Conclusions: Among ACS patients receiving contemporary lipid-lowering therapy other than PUFAs, a greater change in the EPA/AA ratio was associated with a lower incidence of cardiovascular events.

Polyunsaturated fatty acids (PUFAs) have been found to have pleiotropic protective benefits in humans.1,2 Eicosapentaenoic acid (EPA), known as omega-3 fatty acid, is an important PUFA that has been shown to have many beneficial effects, such as lowering blood triglyceride levels, reducing platelet aggregation, improving endothelial function, and promoting vasodilation and plaque stabilization, as well as anti-inflammatory and antiarrhythmic effects.1,2 Arachidonic acid (AA), known as omega-6 fatty acid, is a PUFA that is a precursor to several proinflammatory and proaggregatory mediators.3 Consequently, the EPA/AA ratio can be a predictor of risk for cardiovascular disease.
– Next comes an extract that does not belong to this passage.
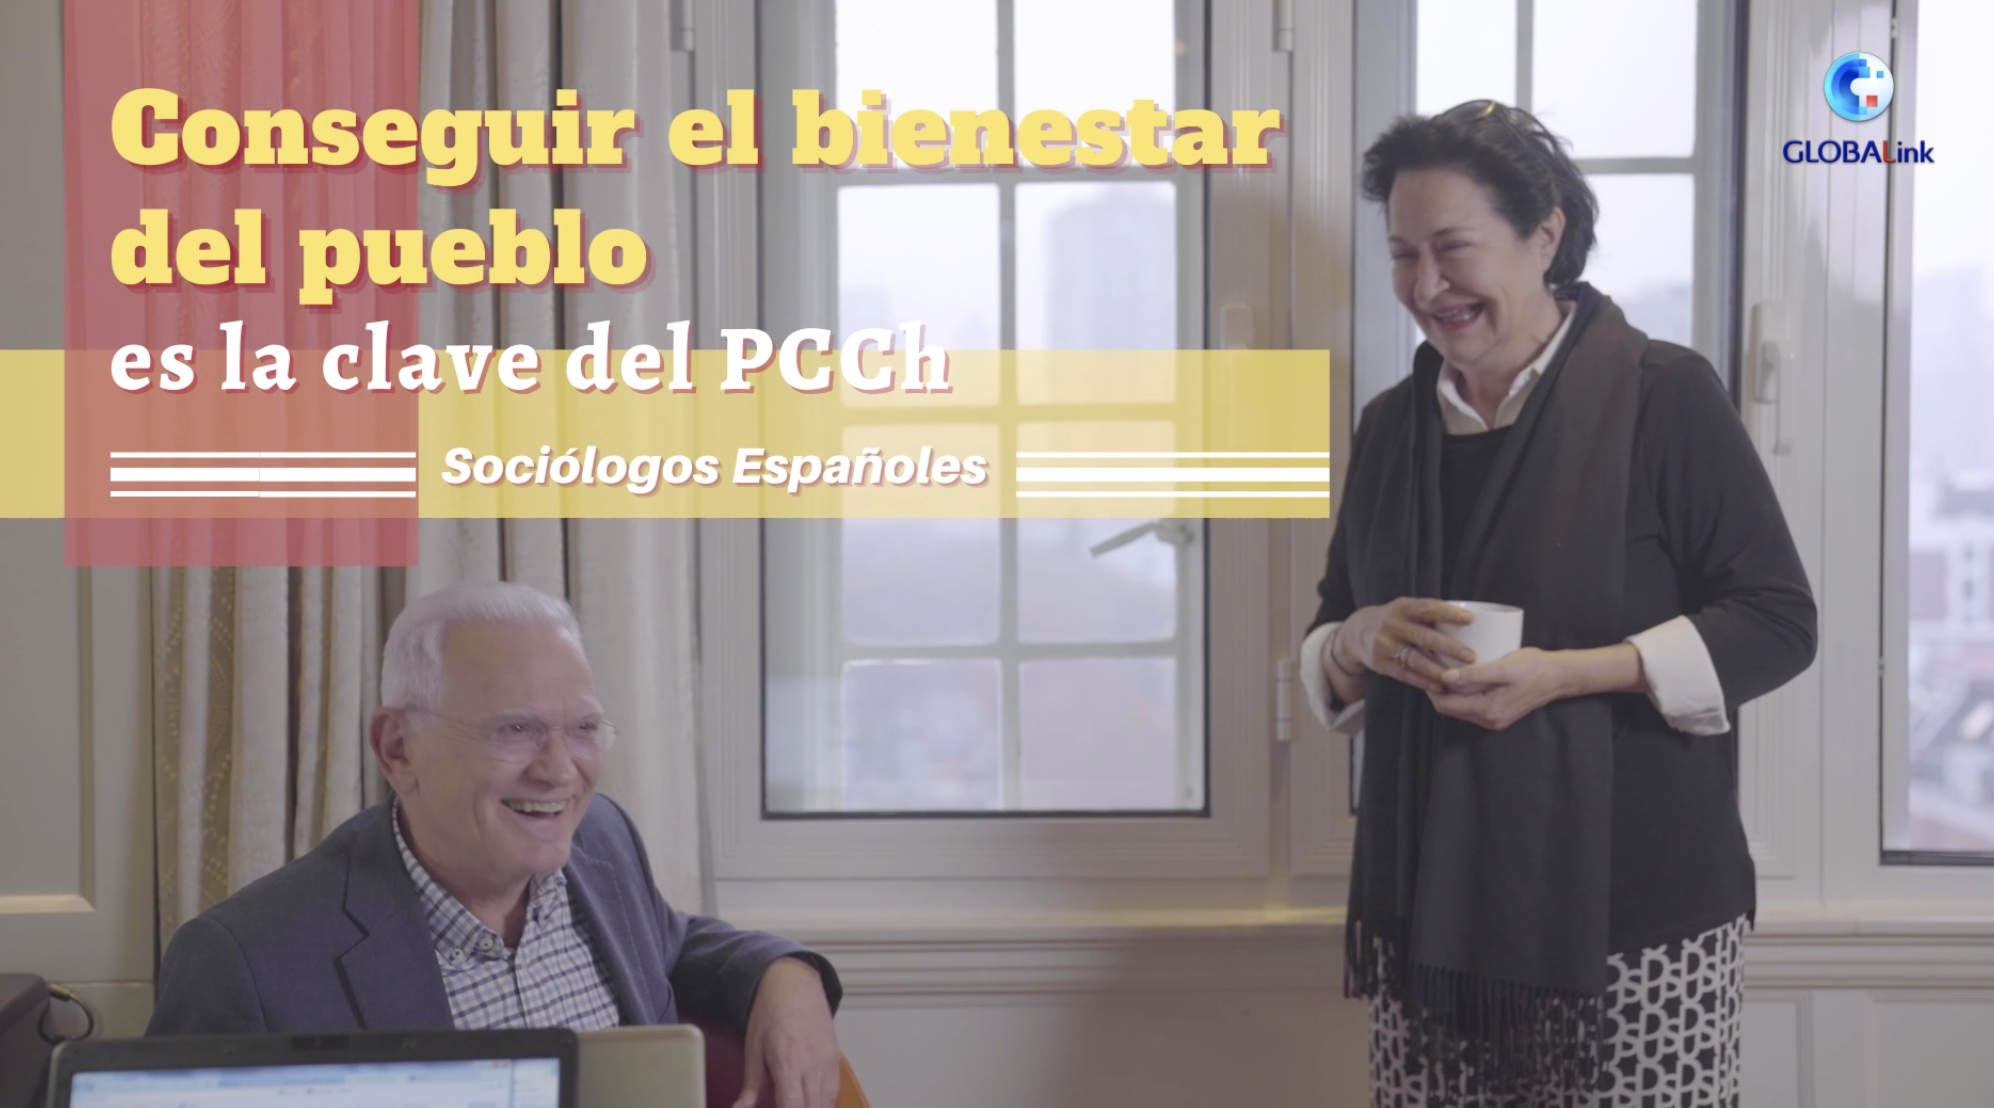 Sociólogos españoles: conseguir el bienestar del pueblo es la clave del PCCh

Many studies have shown that a lower baseline EPA/AA ratio is associated with plaque vulnerability and a higher rate of clinical events.49 Furthermore, several clinical studies have investigated interventions for improving the EPA/AA ratio with an expectation of improving clinical endpoints, such as atherosclerotic lesions and mortality, in patients with cardiovascular disease.1014 Humans are unable to synthesize PUFAs, and almost all PUFA requirements are fulfilled through dietary intake. It has been reported that Alaskan natives, Greenland Eskimos, and Japanese people who consume a large amount of fish have high EPA/AA ratios and a lower prevalence of cardiovascular disease.15,16 A change in the EPA/AA ratio may reflect a patient’s nutritional condition and the need for nutrition management. It remains unknown whether a change in the EPA/AA ratio in acute coronary syndrome (ACS) patients treated with contemporary lipid-lowering therapy other than PUFAs is associated with cardiovascular event rates.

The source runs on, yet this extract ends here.